Using Hardware RAID cards and then creating passthrough/JBOD disks would work too, but that would mean you use an expensive controller that adds little value except the onboard cache. You would also require a BBU to use write-back safely. For SSDs it might be limiting IOps also (areca appears limited to 70.000 IOps; one SSD). A RAID of SSDs is best done with software RAID.


----------



## User23 (Apr 26, 2010)

Matty said:
			
		

> does the raid controller with enabled write cache really out perform a normal sata controller when using zfs? and at what workload (seq or random read/write)
> 
> What does the raid controller cache do so different then lets say 4gb of arc cache?



I dont think that the raid controller cache will outperform a sata controller under high workload while using zfs.
The reason why i use these 3ware controllers for ZFS installations too is that they are working 24/7 stable. They dont have the highest performance, they are "expensive" but i never run into big trouble with one of those the past 10 years on FreeBSD. But i think for private use it is not necessary to buy such expensive things.


----------



## phoenix (Apr 26, 2010)

Matty said:
			
		

> does the raid controller with enabled write cache really out perform a normal sata controller when using zfs? and at what workload (seq or random read/write)



Couldn't tell you.  All of our servers use the same hardware and 3Ware controllers.



> What does the raid controller cache do so different then lets say 4gb of arc cache?

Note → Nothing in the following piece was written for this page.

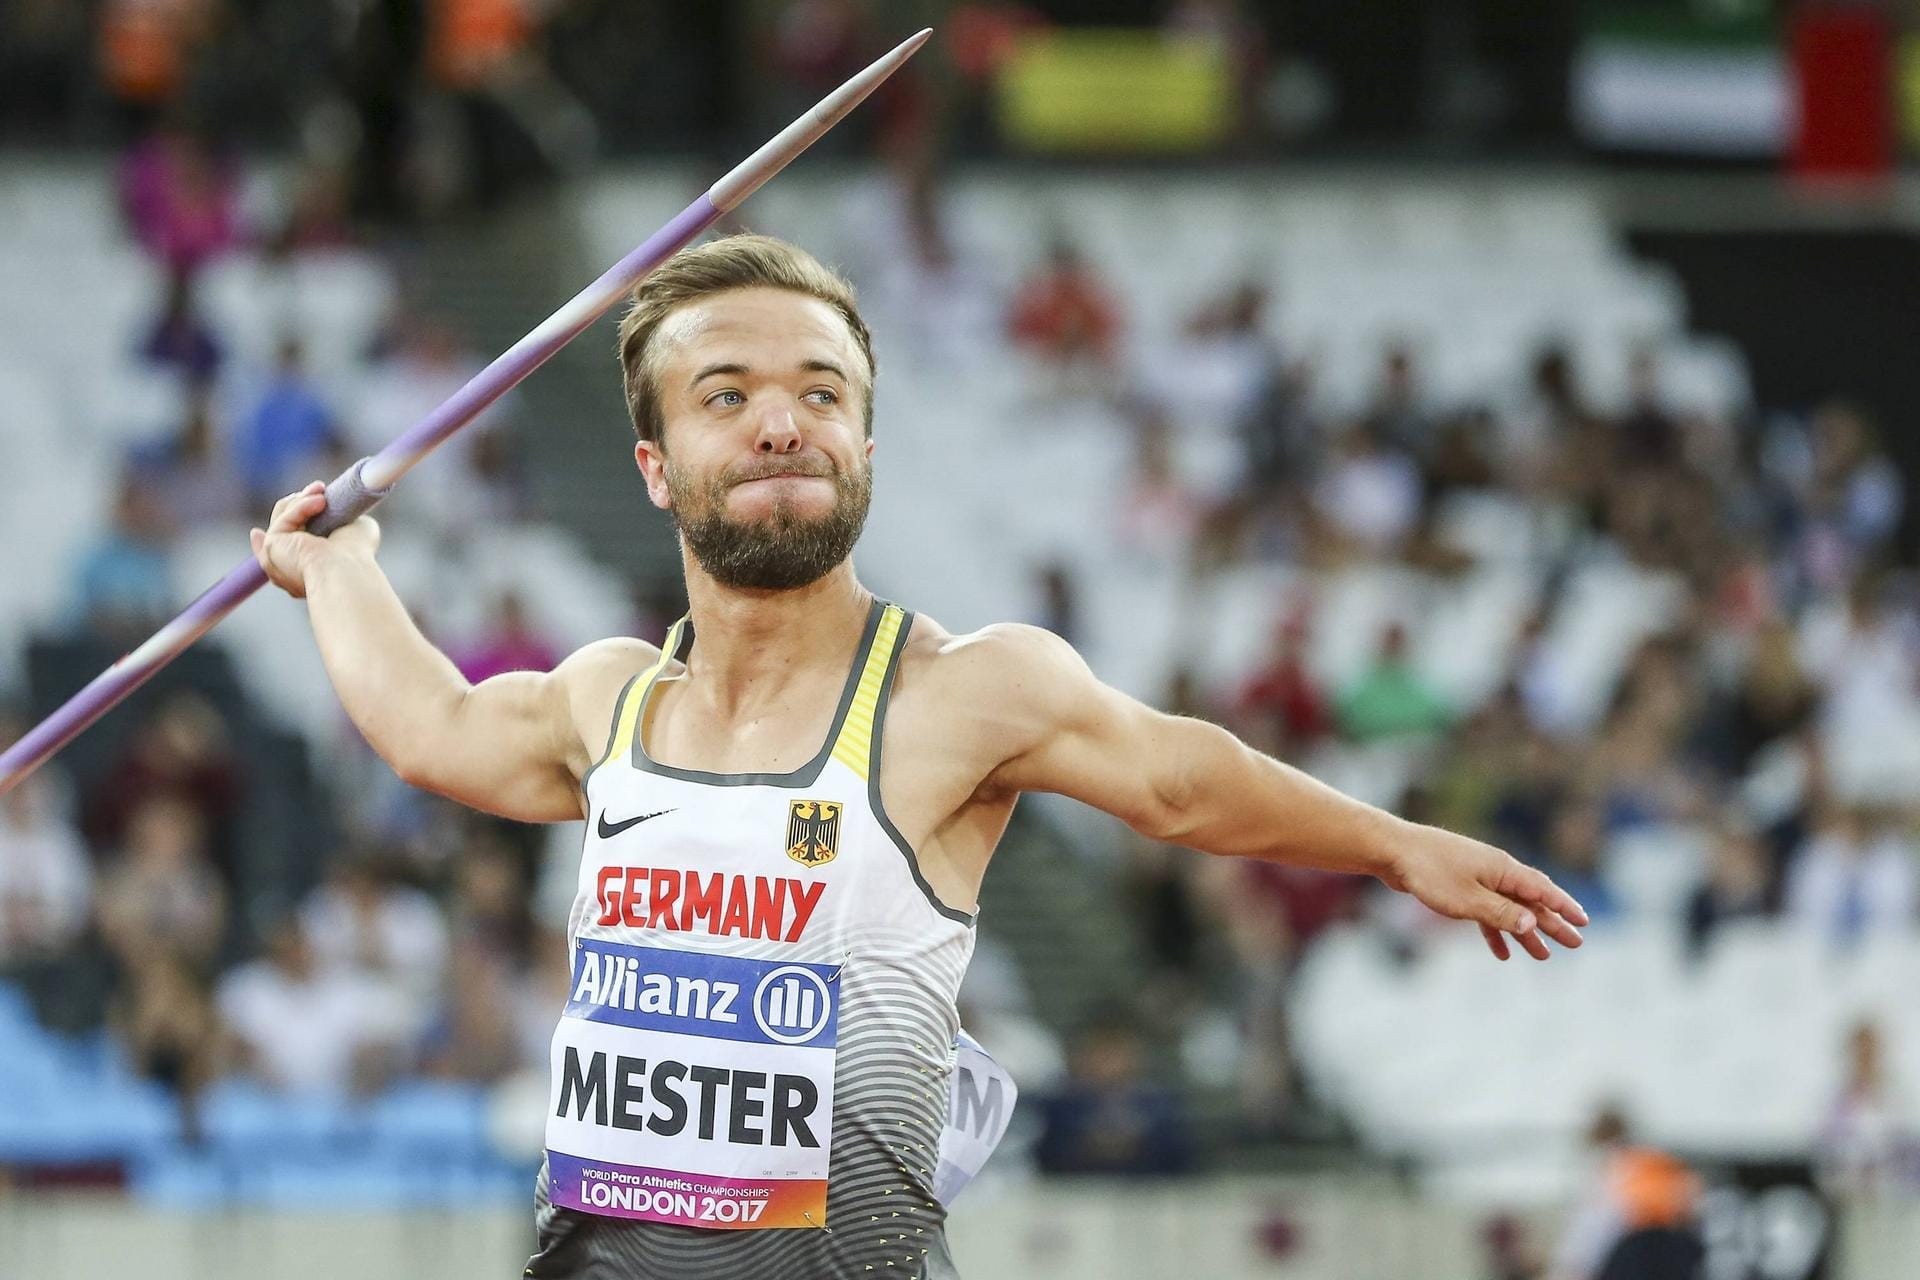 Mathias Mester: Mester ist mehrfacher Weltmeister im Speer- und Diskuswerfen sowie im Kugelstoßen. Neben seiner Sportkarriere arbeitet Mester als Moderator und Schauspieler.
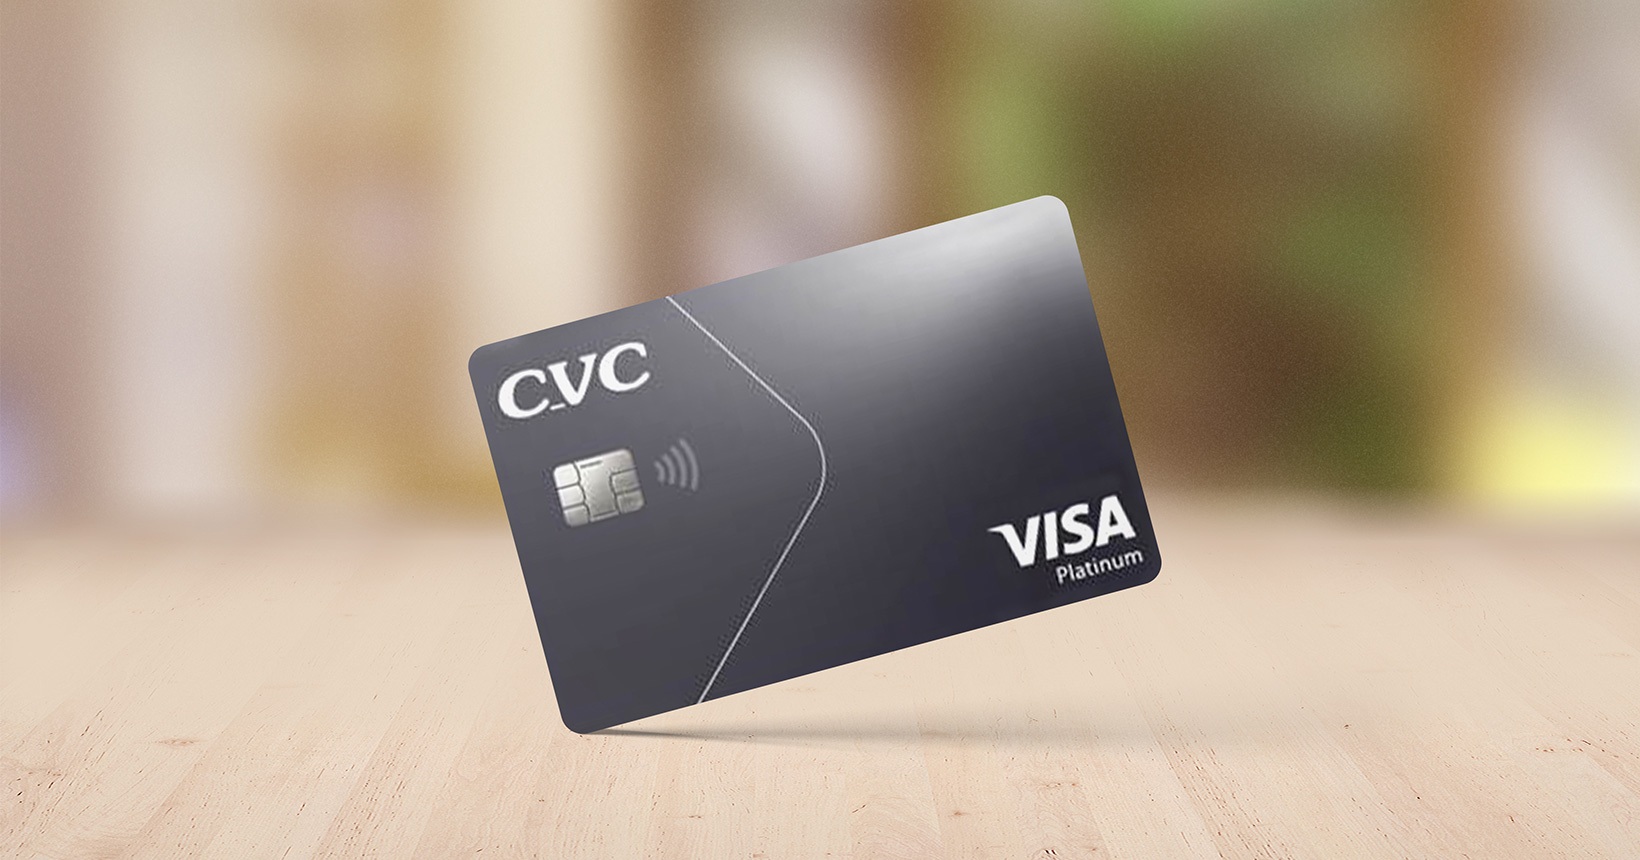 cvc itaucard visa platinum

It's one more layer of caching.  The disk has an onboard cache (up to 64 MB).  The controller has an onboard cache (up to 1 GB).  ZFS has a second-level cache (L2ARC) of however many GB.  ZFS has a primary cache (ARC) of however many GB.  The application has a cache of however many MB/GB.

As you go down the stack, the cache gets smaller, but it also gets faster.


----------



## mcbamse (Apr 26, 2010)

sub_mesa said:
			
		

> If he wants bare disks (dumb hba) then he doesn't need a full fledged RAID controller.
> 
> Probably closest to his demands are these HBA cards:
> http://www.supermicro.com/products/accessories/addon/AOC-USAS-L8i.cfm
> ...



So you say this card will support single disk?

http://www.supermicro.com/products/accessories/addon/AOC-USAS2-L8i.cfm?TYP=E

I do not want to combine 2 or more disk, or mirror/striped anything.
No raid levels.


----------



## mcbamse (Apr 26, 2010)

and I forgot to mention.

Running XP pro and to be honest do not know what ZFS or HBA is.
I have messed around with RAID 0 and 5 before, but didn't like it.


----------



## DutchDaemon (Apr 26, 2010)

mcbamse said:
			
		

> and I forgot to mention.
> 
> Running XP pro and to be honest do not know what ZFS or HBA is.



Did you think this is a general hardware forum of some kind? We're here trying to support people using the FreeBSD operating system with hardware issues, and all replies will reflect that.. There are a trillion Windows hardware forums out there. Use those.


----------